Results on Public Datasets

Use the Galileo Sandbox environment to explore the enterprise-grade data quality platform
Galileo helps you discover insights and errors in your training dataset within minutes, not days! You can now confidently ditch excel sheets and ad hoc python scripts, mitigating the cumbersome detective work of exploratory dataset analysis.
We used a pretrained DistilBERT model to train (until convergence) on four popular public datasets across two tasks (described in Table below). Galileo was used to inspect, discover, and fix dataset errors using insights surfaced from the UI.
Go ahead and test drive the Galileo Sandbox environment with these datasets. Feel free to follow along with our provided insights (see Table below)
Dataset / Task
Movie Reviews / Sentiment Classification
SST2 (Stanford Sentiment Treebank) dataset for sentiment classification of IMDb movie reviews with positive, very positive, negative or very negative sentiment classes. The training set has 25K samples and the test set has 25K samples, with no movie overlap between these partitions. Each samples is classified into one of the 4 classes based on the review rating.

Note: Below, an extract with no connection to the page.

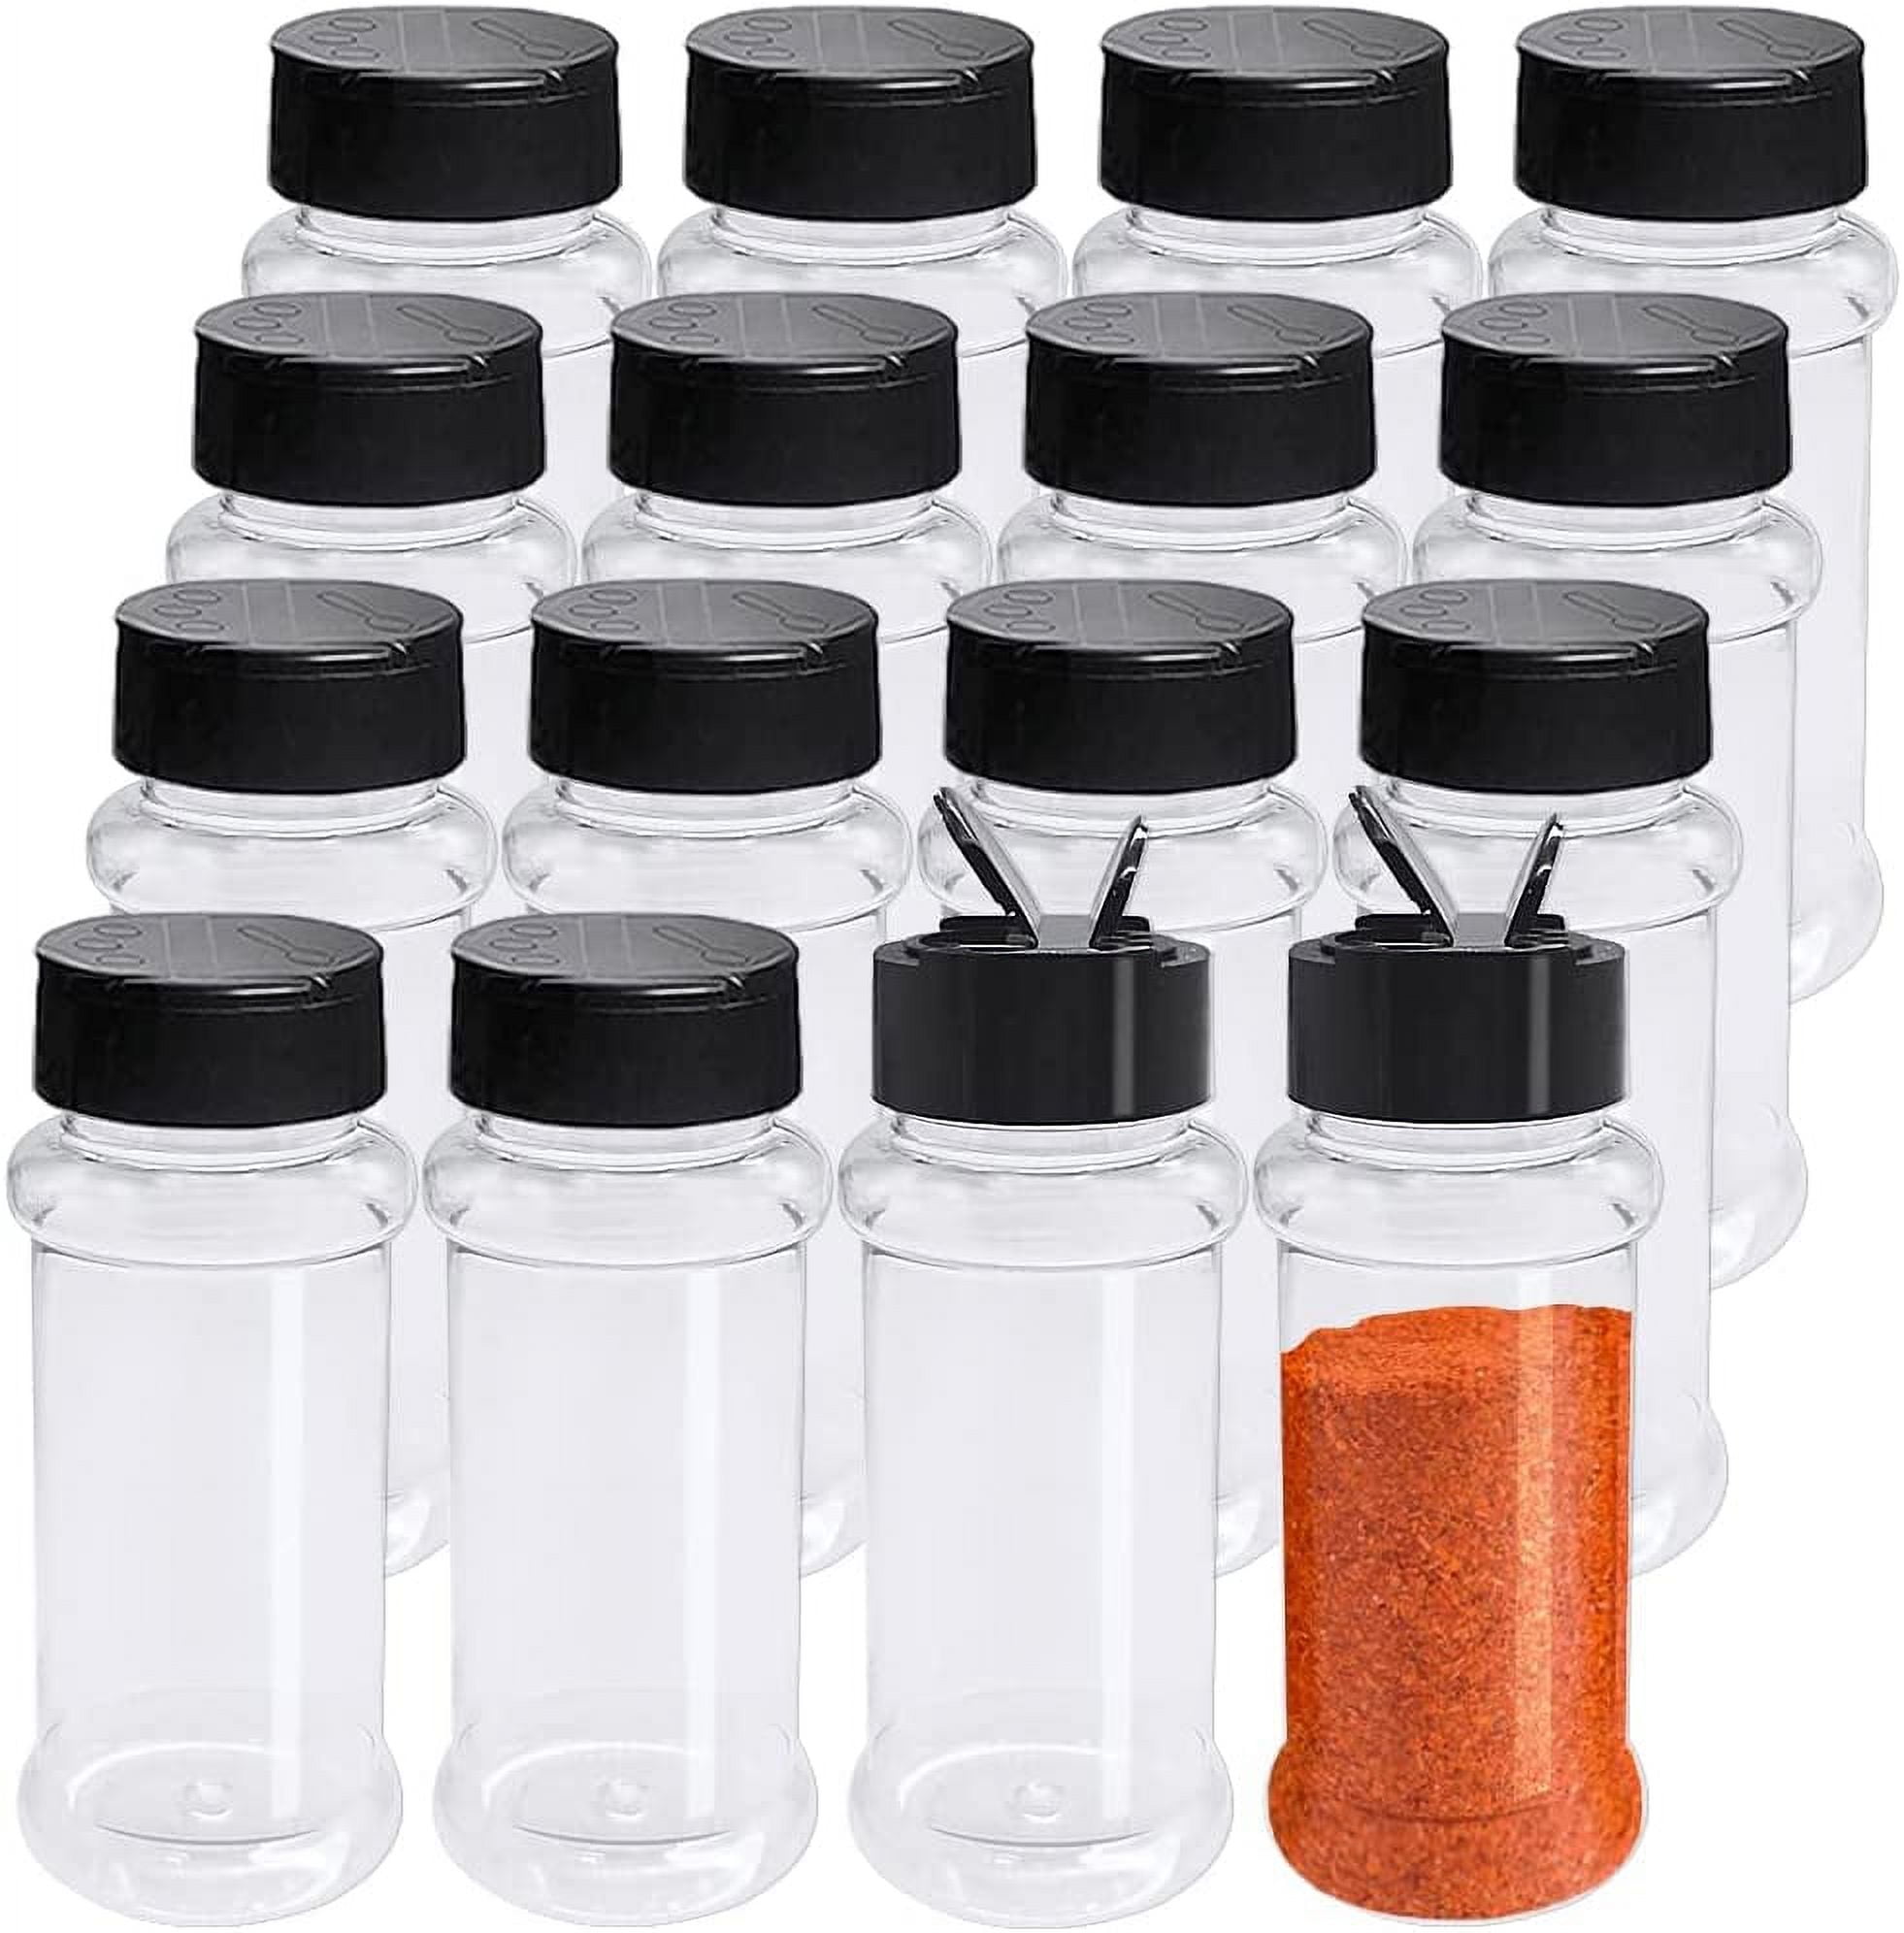 2021 Newest Pet Empty Glass Seasoning Bottles Spice Shaker Powder Containers  Pepper Salt Jar with Flapper Cap - China Seasoning Storage Bottles and Spice  Jar price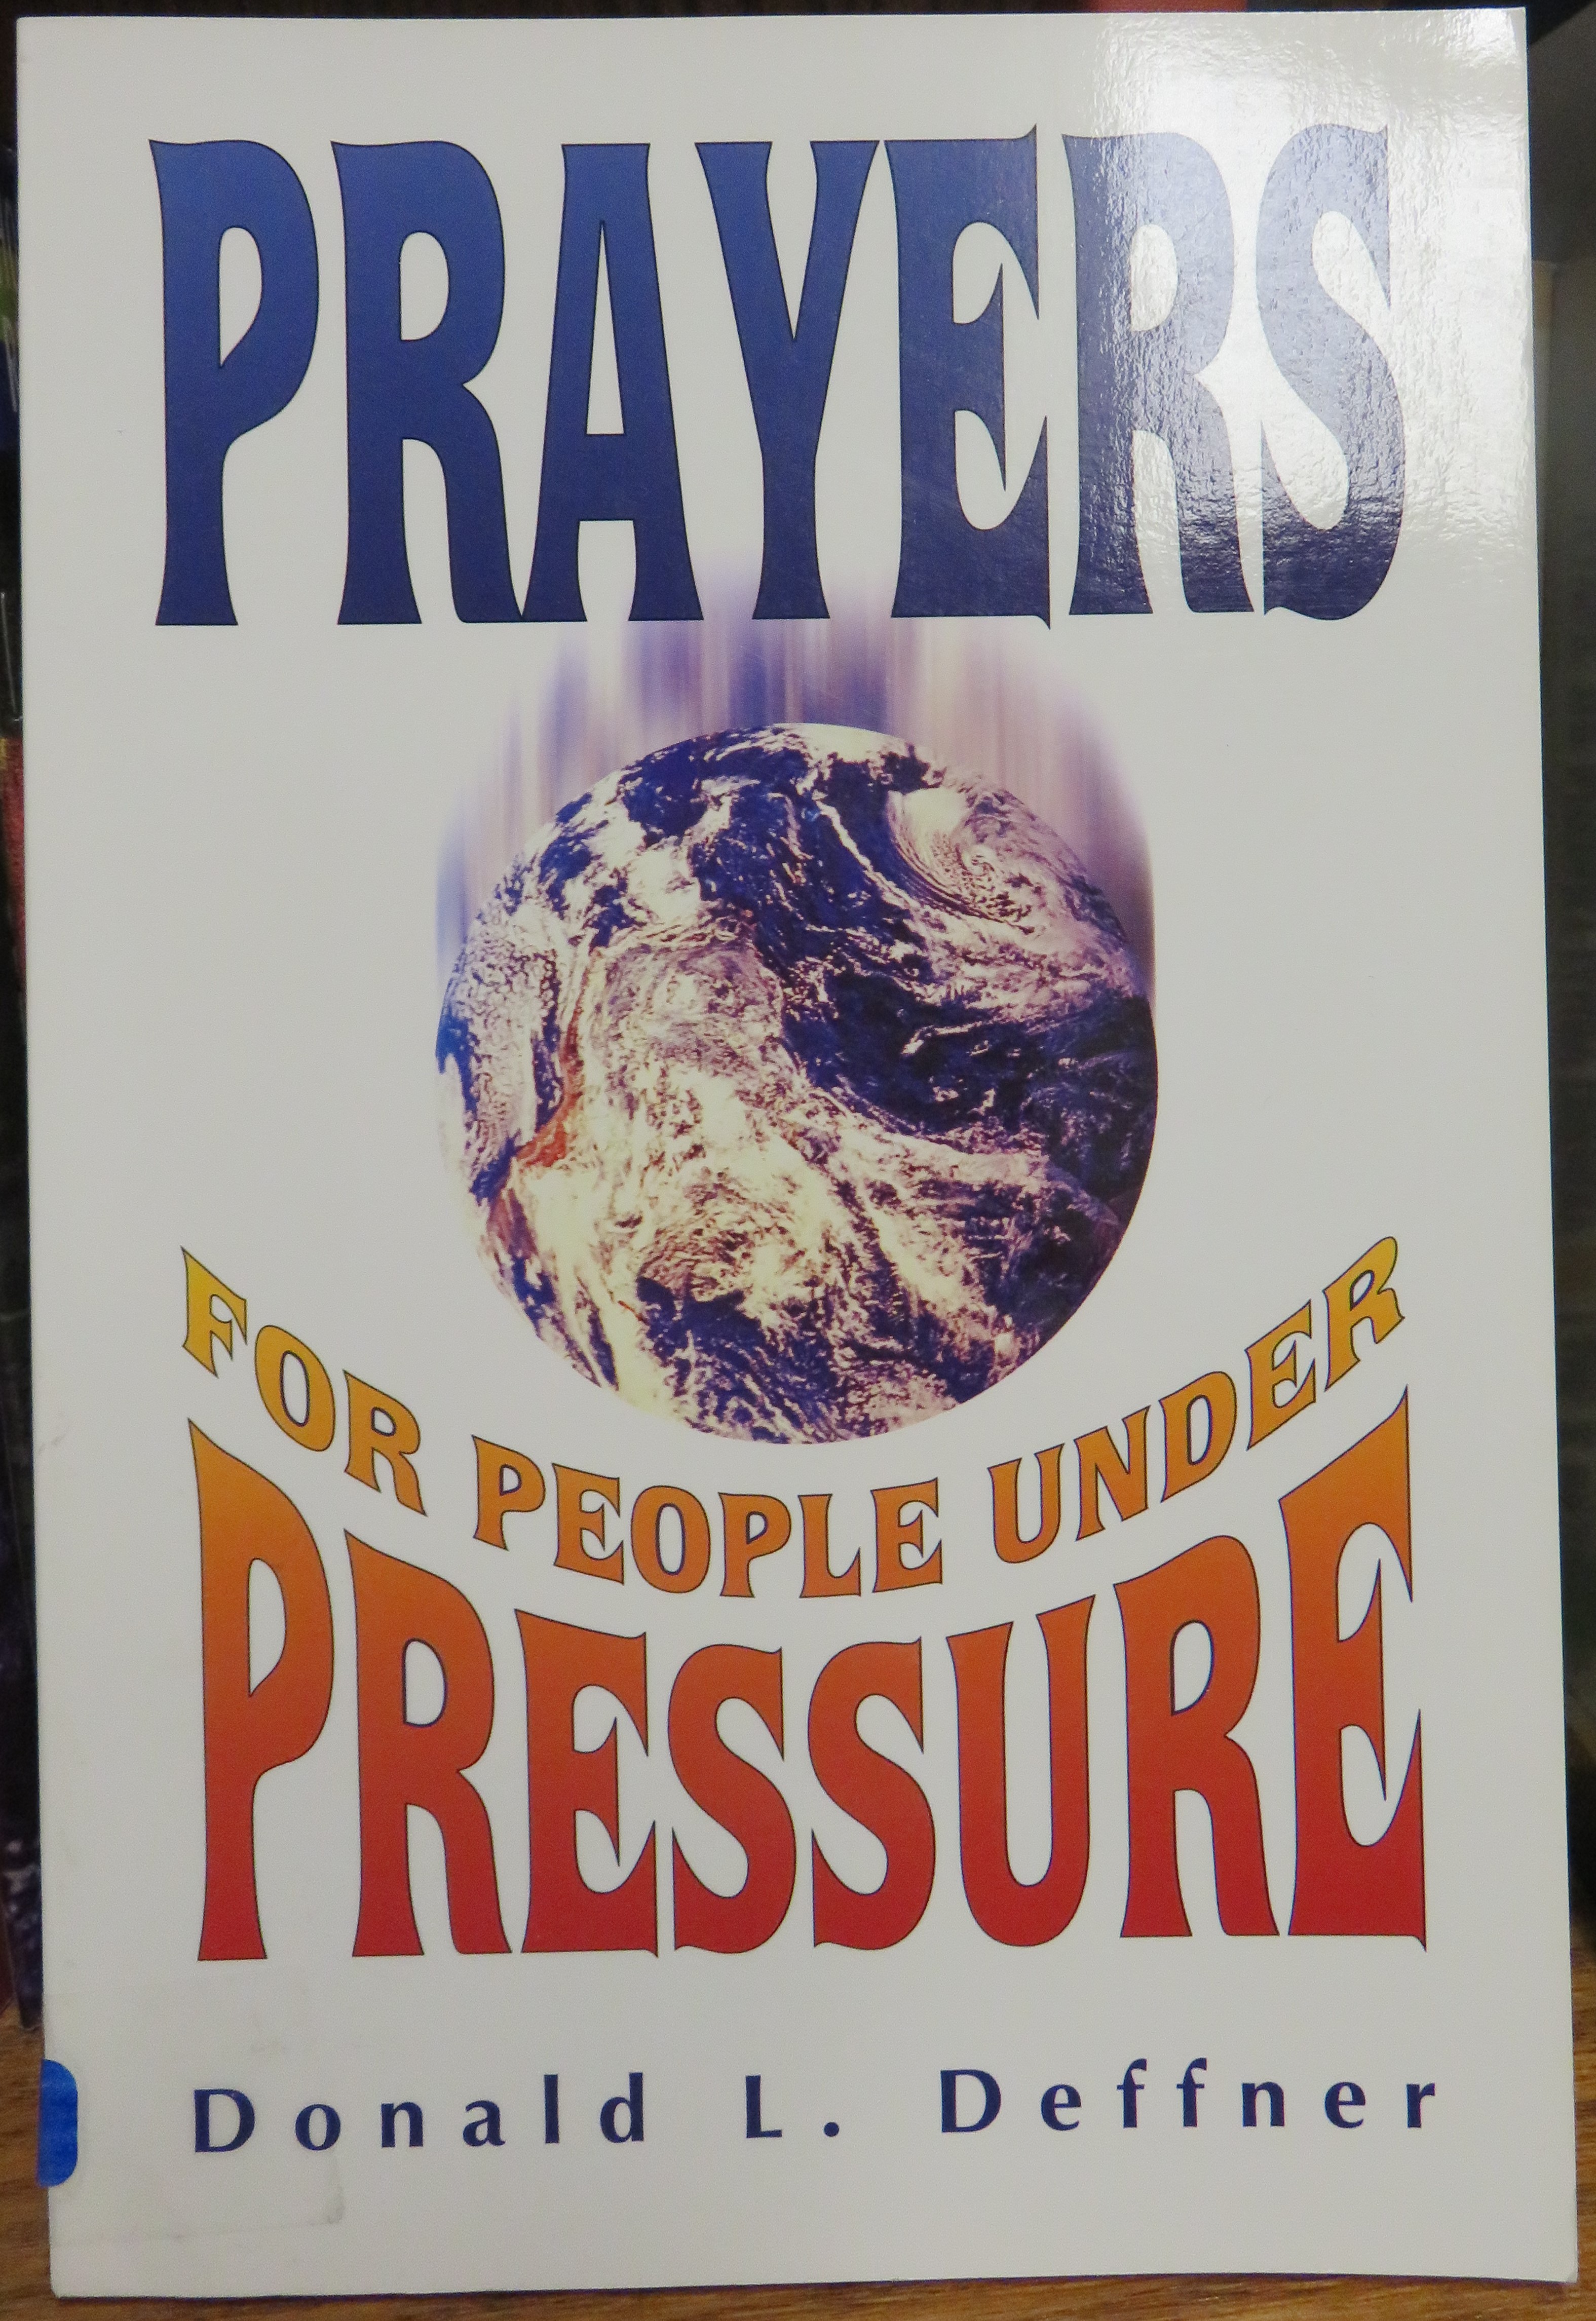 Prayers for People Under Pressure

Conversational AI / Intent Classification
Multi-class intent classification dataset for conversational AI. The training set has ~13K samples and the test set has ~700 samples, each query belonging to one of the following 7 classes: AddToPlaylist, PlayMusic, SearchScreeningEvent, BookRestaurant, RateBook, GetWeather, SearchCreativeWork
Product Reviews / Sentiment Classification
Dataset for binary sentiment classification of amazon reviews in either positive or negative sentiment class. The training set has 30K samples and the test set has 3K samples.
Banking Call Center / Intent Classification
Dataset for multi-class intent classification for call-center banking queries. The training set has ~10K samples and the test set has ~3K samples, each query belonging to one of 77 classes.